What we seem unable to grasp is that when Cartesian analysis turns us into oneeyed monsters life really is a vast organic Lego kit. Animals no longer have a telos and neither do we. Normality vanishes because it assumes a pre-existing reality external to the human mind.

When our guiding mindset sees the world, living and non-living, plant and animal, human and non-human, as one vast Lego kit, anything can be built. The only limit is the imagination, which means there is no limit at all. All encasements are temporary. That is what our cow really is, a temporary encasement of a genetic program. Just like we do when we play with Legos, structures are demolished to the level of basic building blocks so that new forms can be erected.

Finally, there is the question of what good can come of this full frontal bypassing of the processes of the natural world. Certainly the technology in question delivers unprecedented power and this power can be wielded for good, as some of the examples in the paper illustrate. But what is disturbing is that all constraints have now been bypassed - not just those imposed by species and kingdom boundaries but also those imposed by morality. What respect is owed strands of genetic material? How will human beings be treated when they are viewed in this way? When no principled limits are left, nothing remains to prevent the extension of these methods to human beings themselves.

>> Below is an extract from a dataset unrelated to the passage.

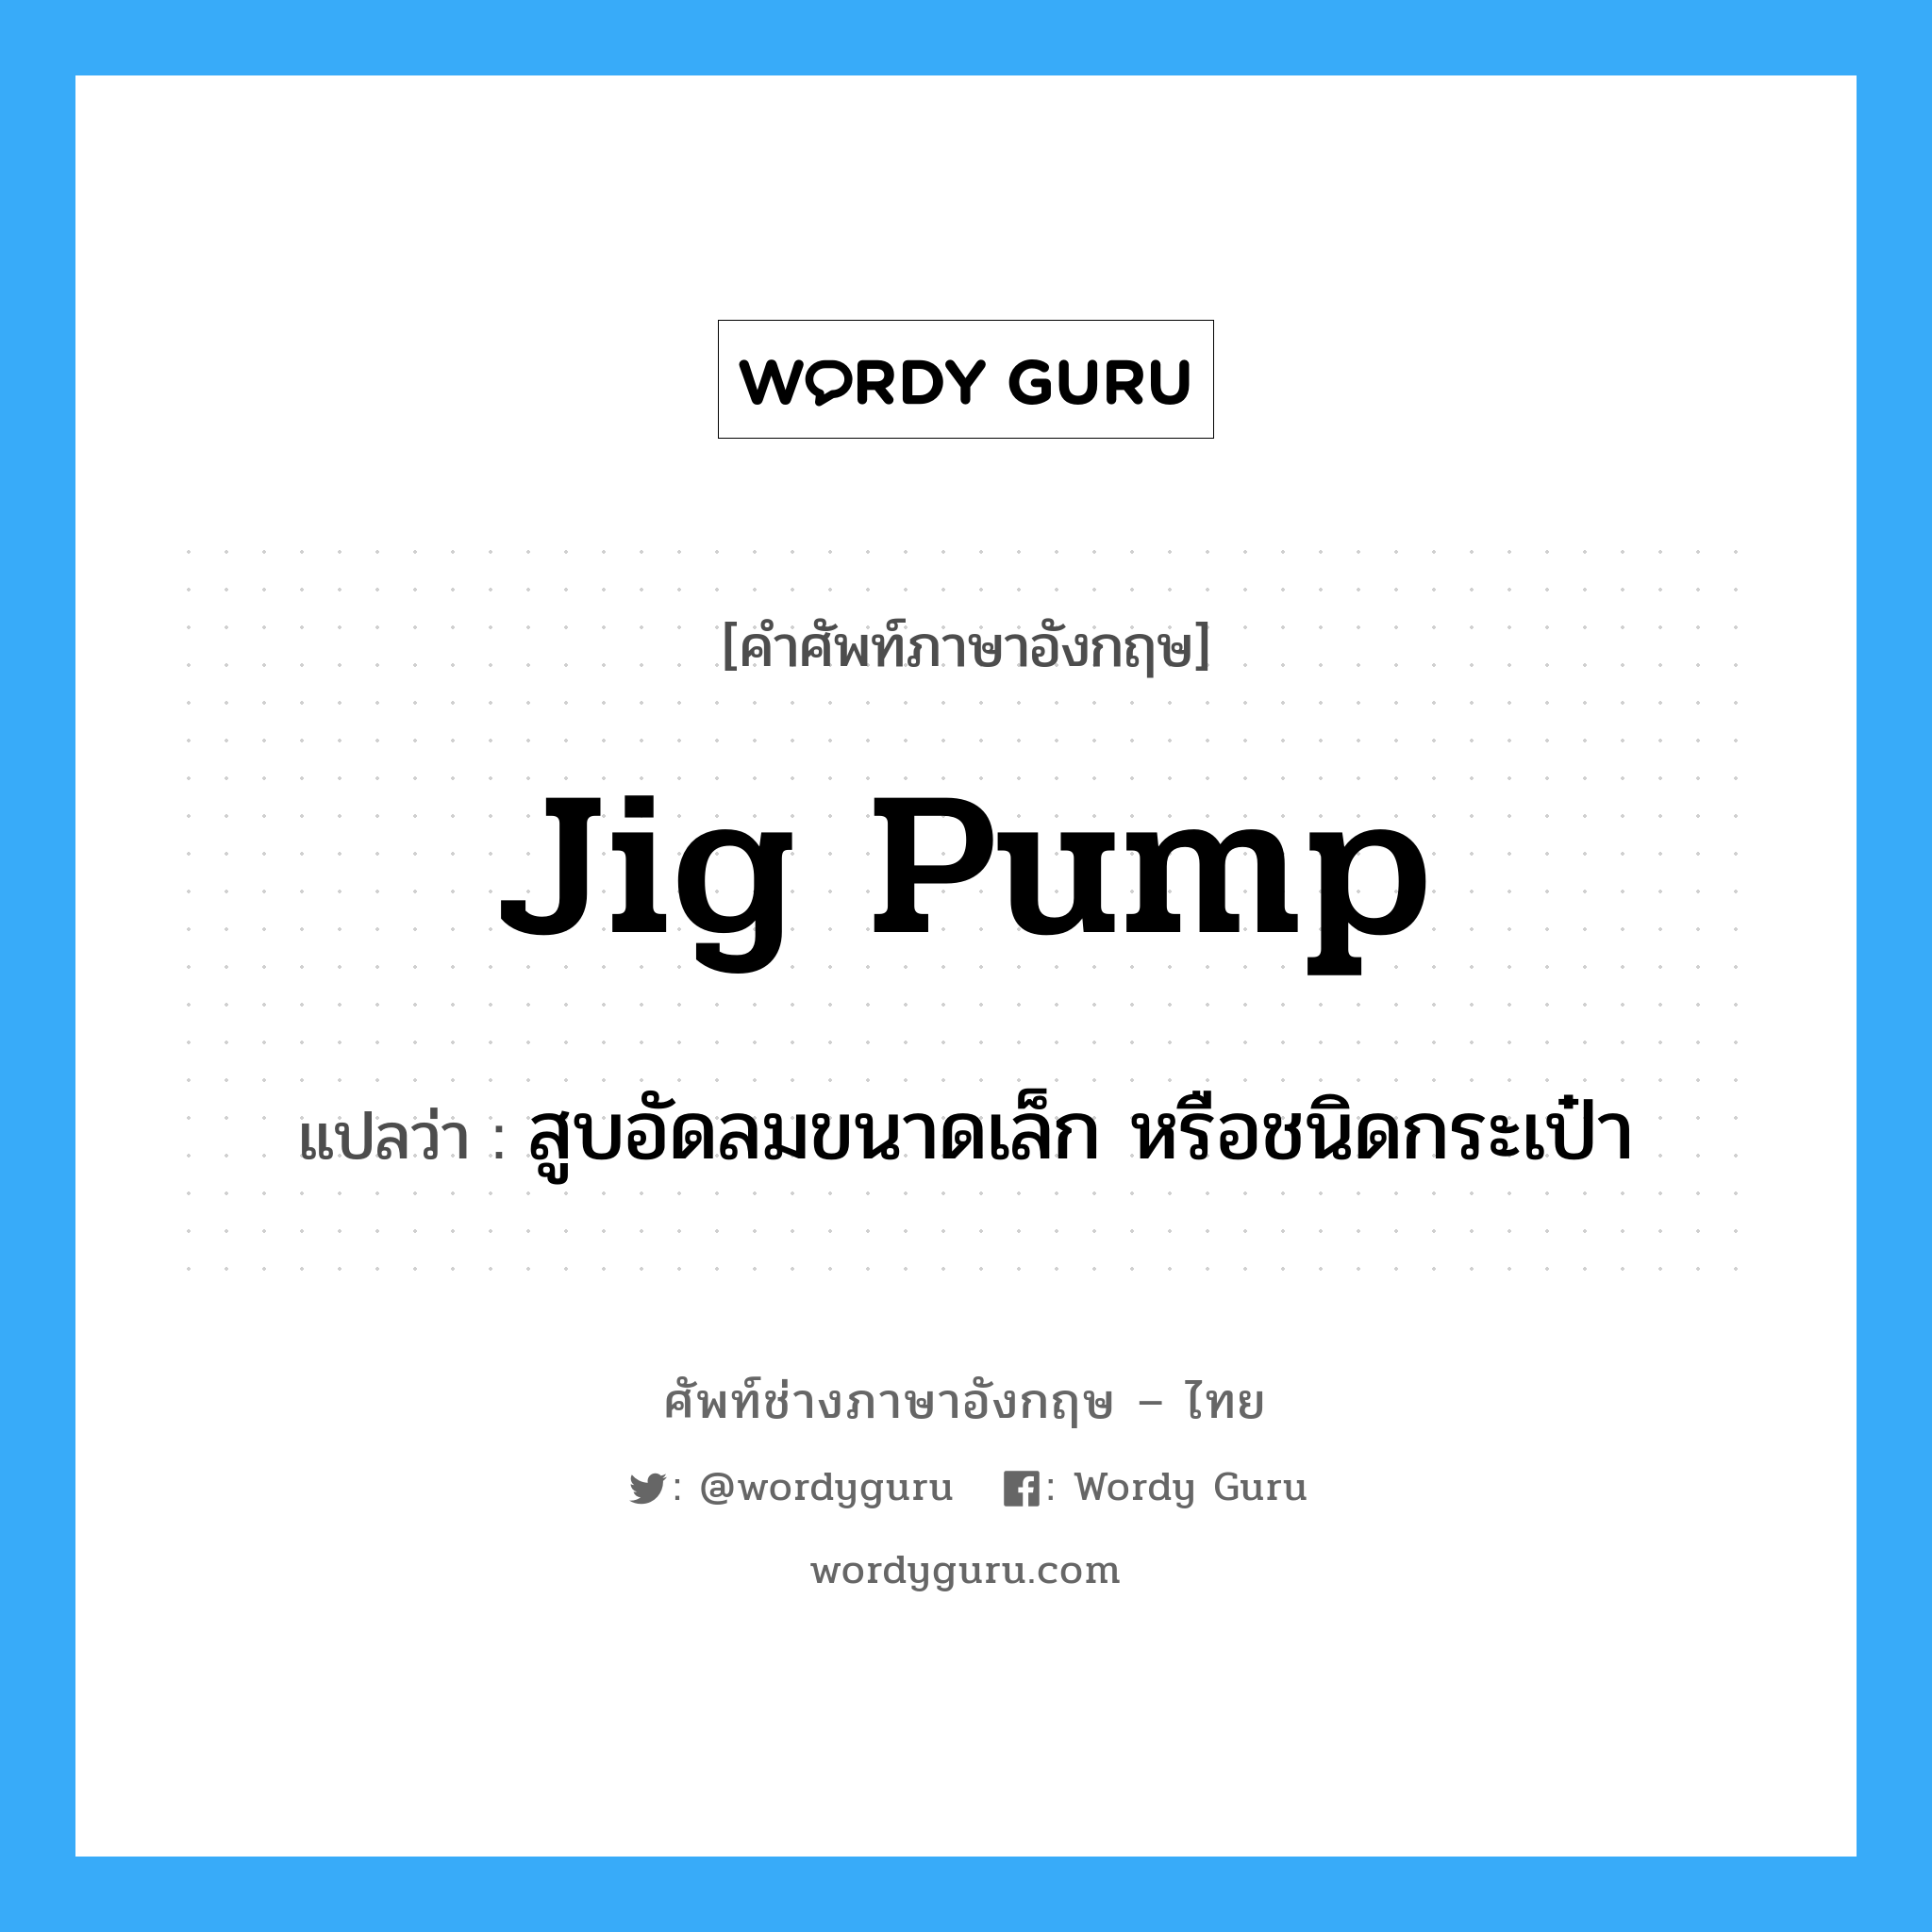 jig pump แปลว่า?, คำศัพท์ช่างภาษาอังกฤษ - ไทย jig pump คำศัพท์ภาษาอังกฤษ jig pump แปลว่า สูบอัดลมขนาดเล็ก หรือชนิดกระเป๋า

David Schindler, the great biologist from the University of Alberta, once said in a speech that human beings are rhesus monkeys with trousers on. The meaning of his remark is that what befalls the earth befalls us since we are living beings as well. [As the full mapping of the human genome has revealed our genetic makeup is very similar to that of even much simpler organisms, e.g. fruit fly]. A worldview that does not see the significance of our being a trousered ape won't observe the boundaries it implies. Modesty in dress and comportment is a virtue by virtue of what we are as human beings. So too is humility, something we desperately need in the practical arts.

End Notes

1 This is something made apparent by Lee at the outset of her paper. "A new way of seeing" [or worldview] allows the "splicing [of] organisms" (quoting Edward Yoxen). The quote continues: "The living world can now be viewed as a vast organic Lego kit inviting combination, hybridization, and continual rebuilding. Life is manipulability."

2 See Rudolph, J. R. Patentable Invention in Biotechnology, Biotechnology Advances , Vol. 14, No. 1, pp. 17-34, 1996. At the time of this writing the case of the Oncomouse is before the Canadian courts.

3 The first known patent statute was a 1474 Act of the Venetian Senate. See Sterckx, Sigrid (editor). Biotechnology, Patents and Morality 2 nd Edition, Aldershot, England/Ashgate Publishing, 2000, p. 10.

4 We do, of course, treat living beings as commodities to some extent when we own, trade, and consume them. What patenting of transgenic organisms adds is the intellectual property claim to the creation of an entire and uniquely created species. As Leon Kass summarized the argument, "it is one thing to own a mule; it is another to own mule" (as quoted in, Hanson, Mark J. Religious voices in biotechnology: the case of gene patenting, The Hastings Center Report , Nov-Dec. 1997, V27, n6, pS1(20).